China’s economy will likely expand around 6.8 percent in the second quarter of 2017, the State Information Centre said in an article published in the state-owned China Securities Journal on Saturday. The State Information Centre is an official think tank affiliated with the National Development and Reform Commission, the country’s top economic planning agency. It forecast consumer inflation in the world’s second largest economy of around 1.4 percent and expected an increase of about 6.5 percent in producer price inflation in the second quarter from the same period a year earlier. “Overall, China’s economy will remain stable but with a slightly slowing trend,” the think tank said in the paper. China’s economy grew 6.9 percent in the first quarter from a year earlier, slightly faster than expected, supported by a government infrastructure spending spree and a housing market that has shown signs of overheating. The think tank said it had seen contradictions between government policies to fend off financial risks and reduce corporate finance costs.
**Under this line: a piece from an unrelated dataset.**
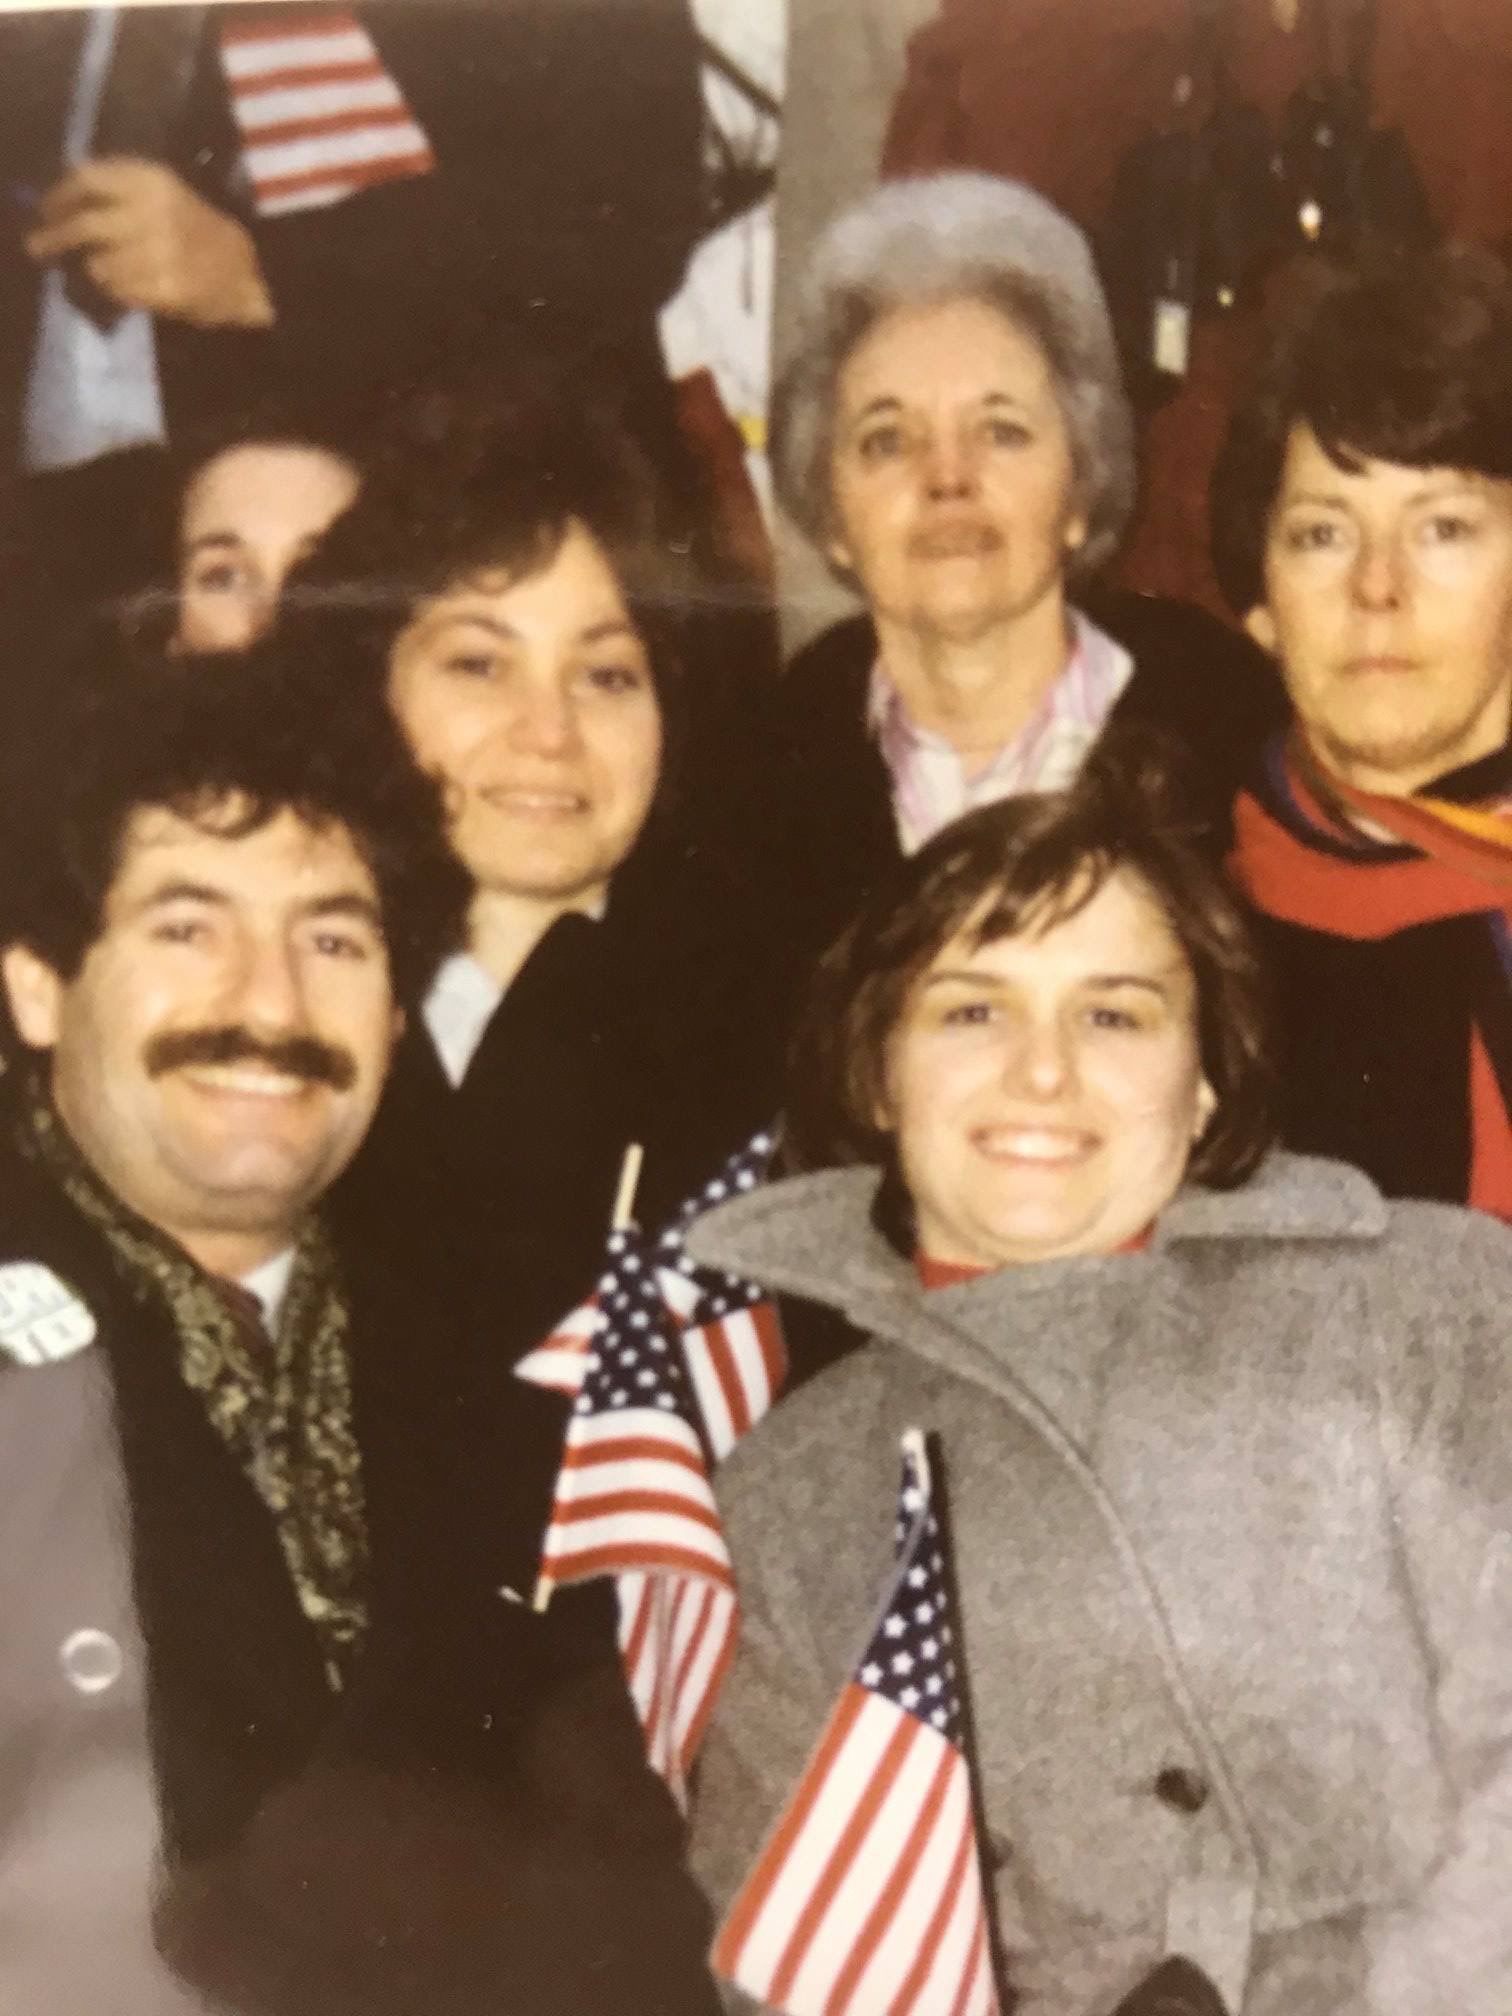  Presidential Inauguration – Joseph Forstadt, Betsy Ring, Connie Whitton, Barbara Wortley, Catherine Bertini and Nancy Thompson (1981)

US STOCKS-Wall St set to open higher as oil prices, defense stocks rise

Wall Street looked set to open slightly higher on Monday, helped by higher oil prices and as defense stocks rose after a $110 billion arms deal between the United States and Saudi Arabia. Oil prices were up about 1 percent, bolstered by confidence that top exporters will this week agree to extend supply curbs, with suggestions that the cuts could even be deepened. Both benchmarks, Brent crude and U.S. light crude, have climbed more than 10 percent from lows hit earlier this month. President Donald Trump visited Saudi Arabia over the weekend, on his first foreign trip since taking office and one that the White House hopes will shift the focus away from domestic controversies such as his firing of a former FBI head last week and reports of his administration’s links to Russia. The central achievement of Trump’s visit was nearly $110 billion in deals sealed on Saturday in which Riyadh will buy U.S. arms to help it counter Iran, with options running as high as $350 billion over 10 years. Shares of defense firms such as General Dynamics, Raytheon, Boeing and Lockheed Martin were up between 1.1 percent and 3 percent in premarket trading and were among the top S&P 500 movers before the bell.